第19話 ~ デートとはなんじゃ? ~
お待たせしました。
10日後――。
正確にいえば……。
マサキがエーデルンドに思いっきり殴られ、それをいさめようとしたアヴィンと壮絶な夫婦喧嘩へと発展した悪夢の日から10日後。
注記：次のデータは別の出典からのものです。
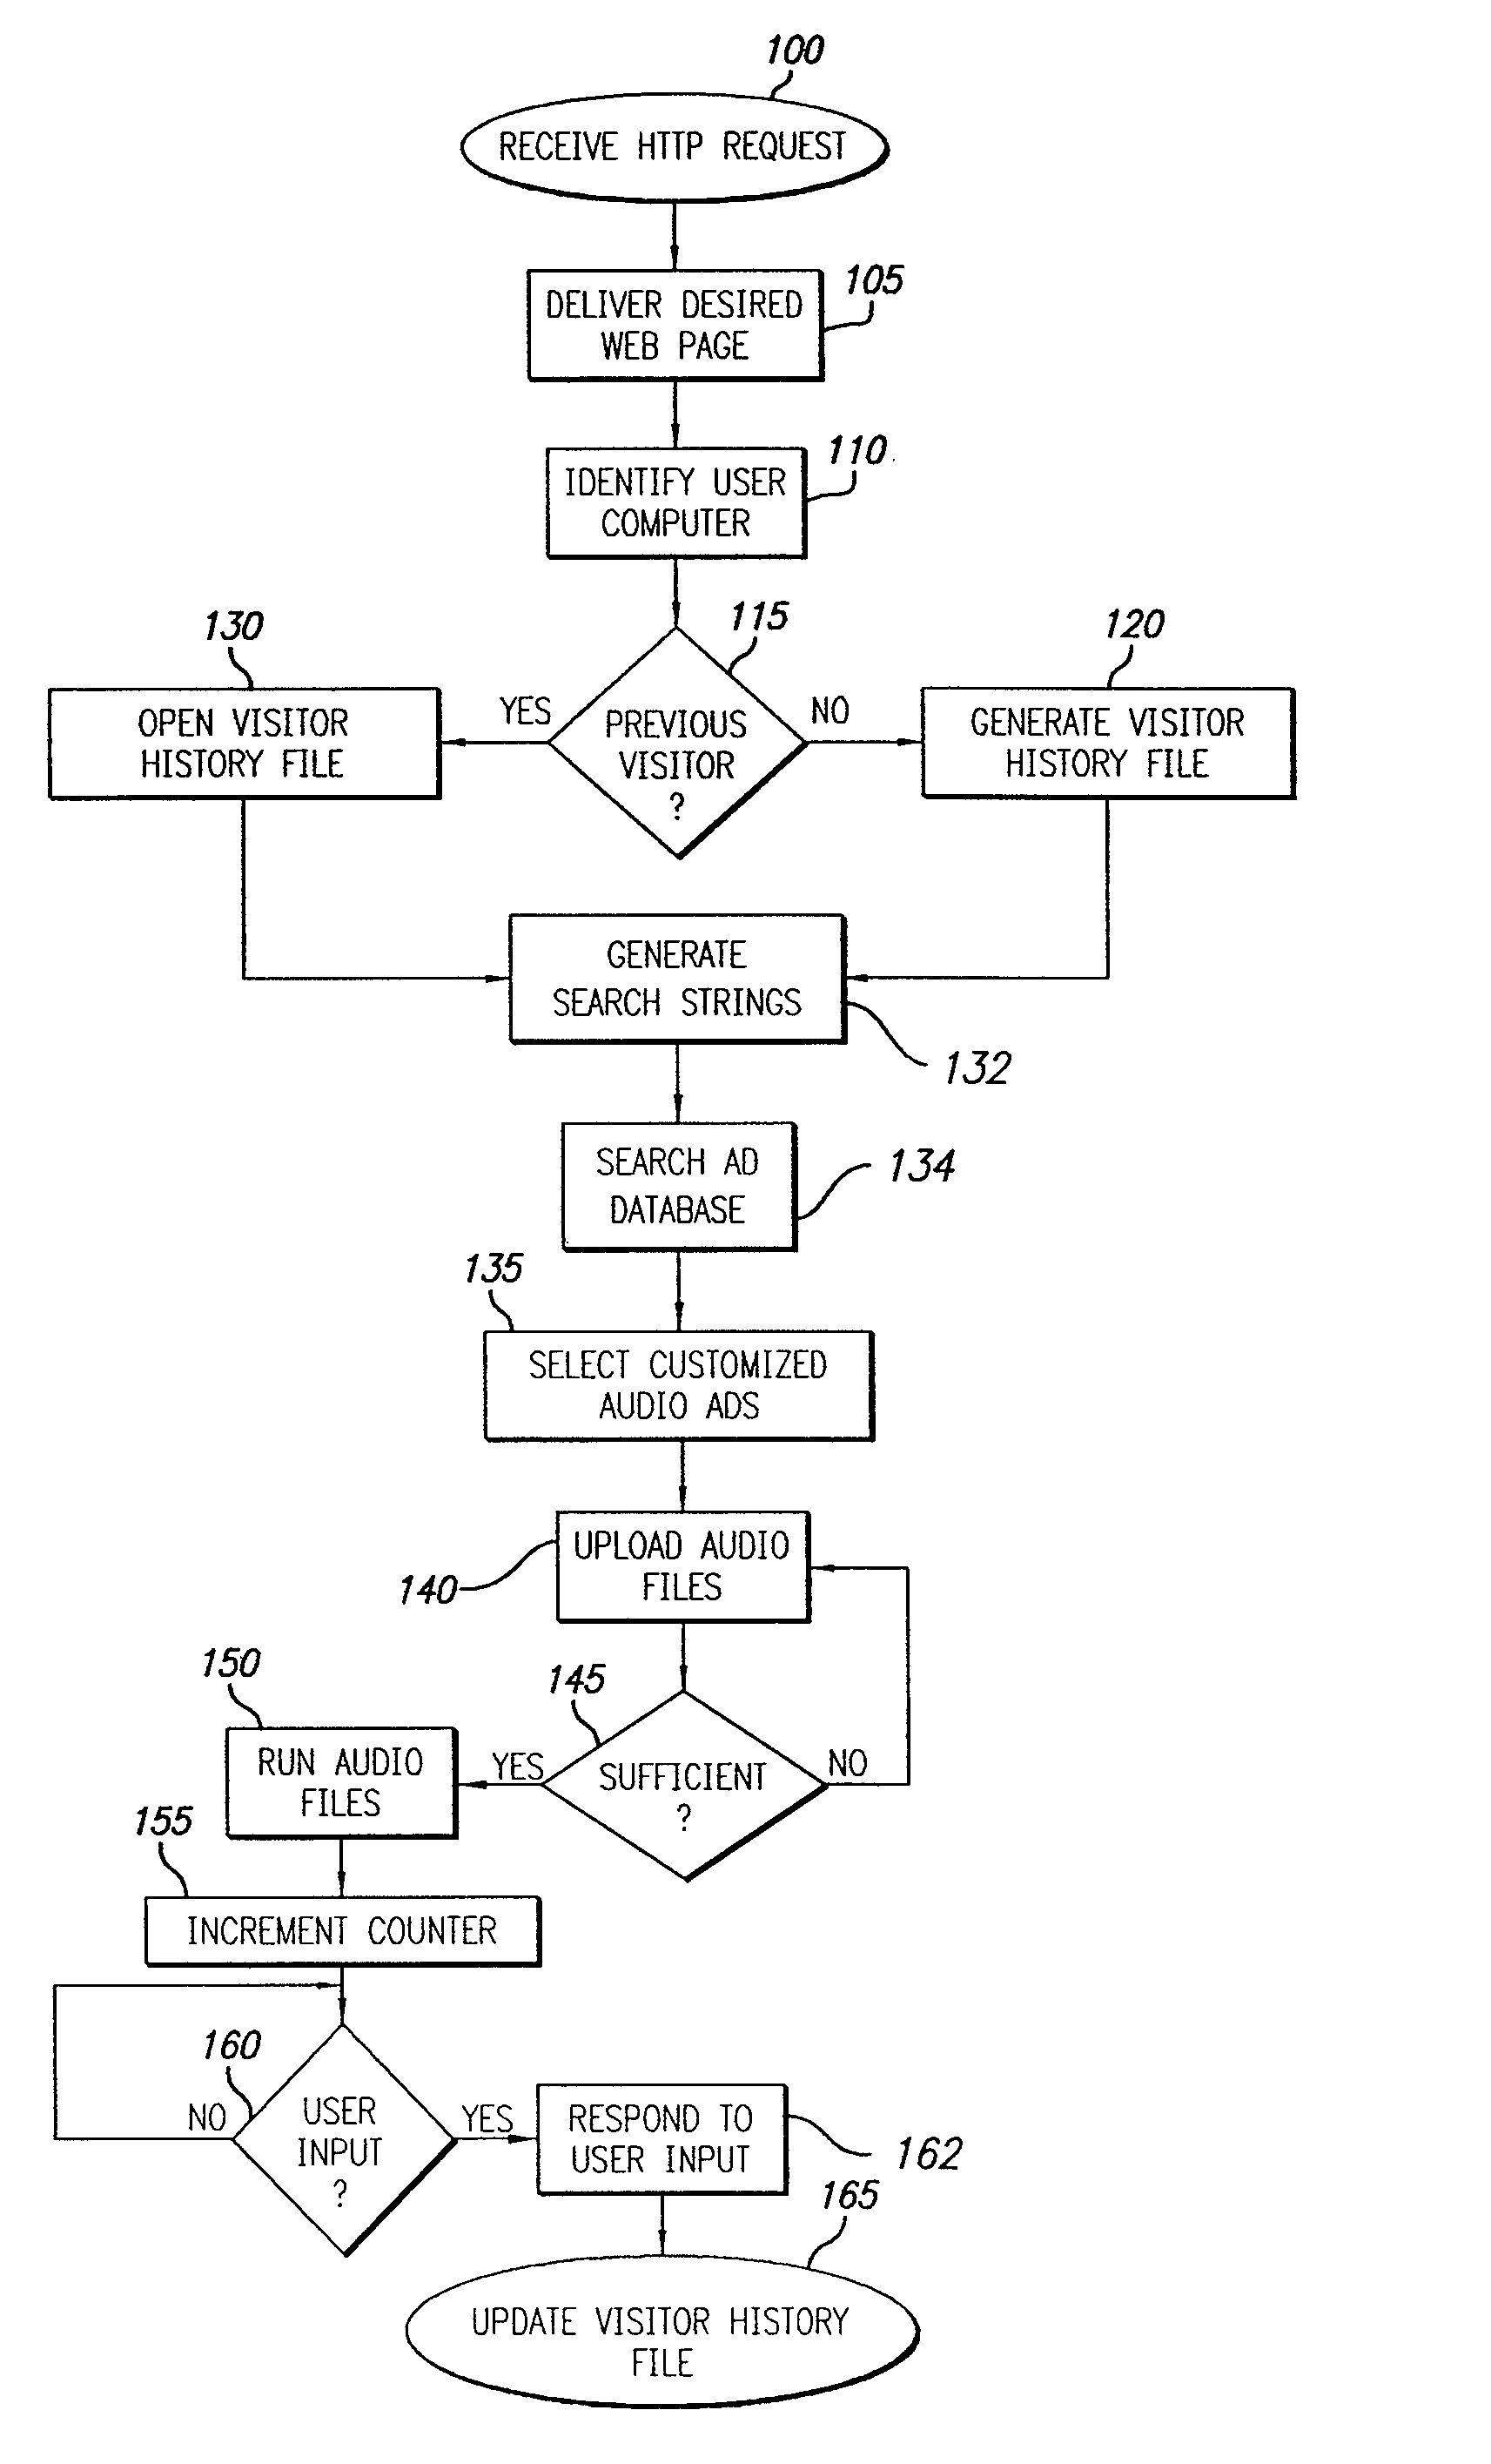 Method and apparatus for providing audio advertisements in a computer network
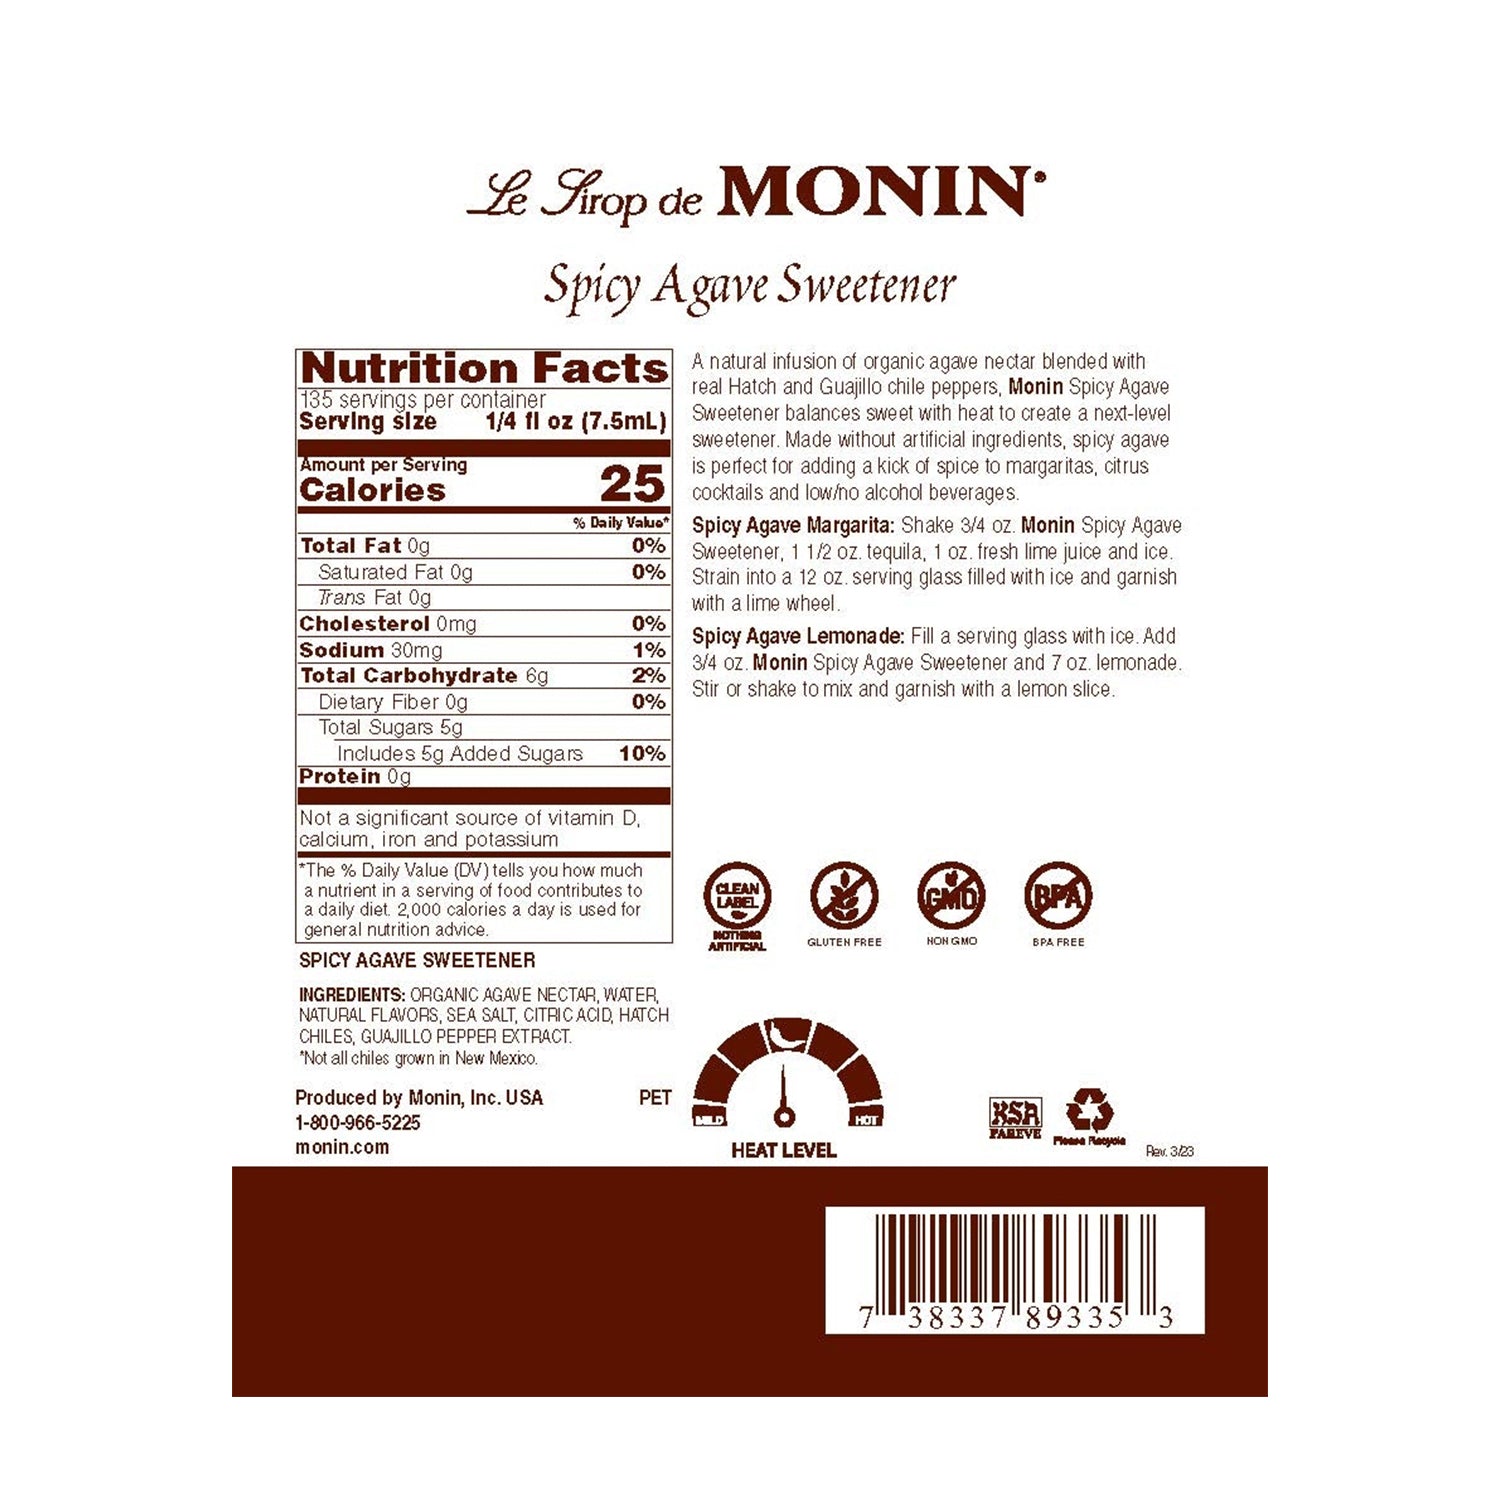 Monin Spicy Agave Sweetener nutrition facts and recipes label

マサキは何とか保護者の目を盗み、ロトと一緒に黒い森へ赴いた。
相変わらず薄気味悪い空気が流れ、遠くで魔物の吠声が聞こえる。
足を忍ばせ、マサキはロトの後を付いていった。
待ち合わせ場所に辿り着く。
果たして、ルシルフは近くの岩に腰掛け待っていた。
「ルシルフ! ごめん、待った?」
マサキは膝に手をつき、息を切らす。
顔を上げると、ちょうど月明かりを受けたルシルフの顔が見えた。
青白く、魅力的な緑色の瞳が宝石のように輝いている。
マサキと目が合うと、ルシルフは思わず目を反らした。
「大丈夫じゃ。余も今来たところじゃ」
「そう。……でも、良かった。ホントに来てくれたんだね」
「ホントとはなんじゃ? 余は1度決めた約束事は守る。余の方こそ、お主が違えたのではないかと思ったわ」
「そんなことしないよ。初デートだしね」
「で、デート! そ、そそそそそれはあれか。逢い引きというヤツか?」
「よくそんな難しい言葉を知ってるね」
「言ったであろう。余は人間界のことを――って違う。デートとはなんじゃ?」
「男の子と女の子が仲良く遊ぶこと……かな?」
ルシルフは大きく頭を振る。
今気付いたのだが、彼女の髪型が少しだけ変わっていた。
前に会った時は無造作というか、あまり手入れがされていない――それでも綺麗な髪だったが――感じだったが、幾重にカールしていた髪がまっすぐに整えられている。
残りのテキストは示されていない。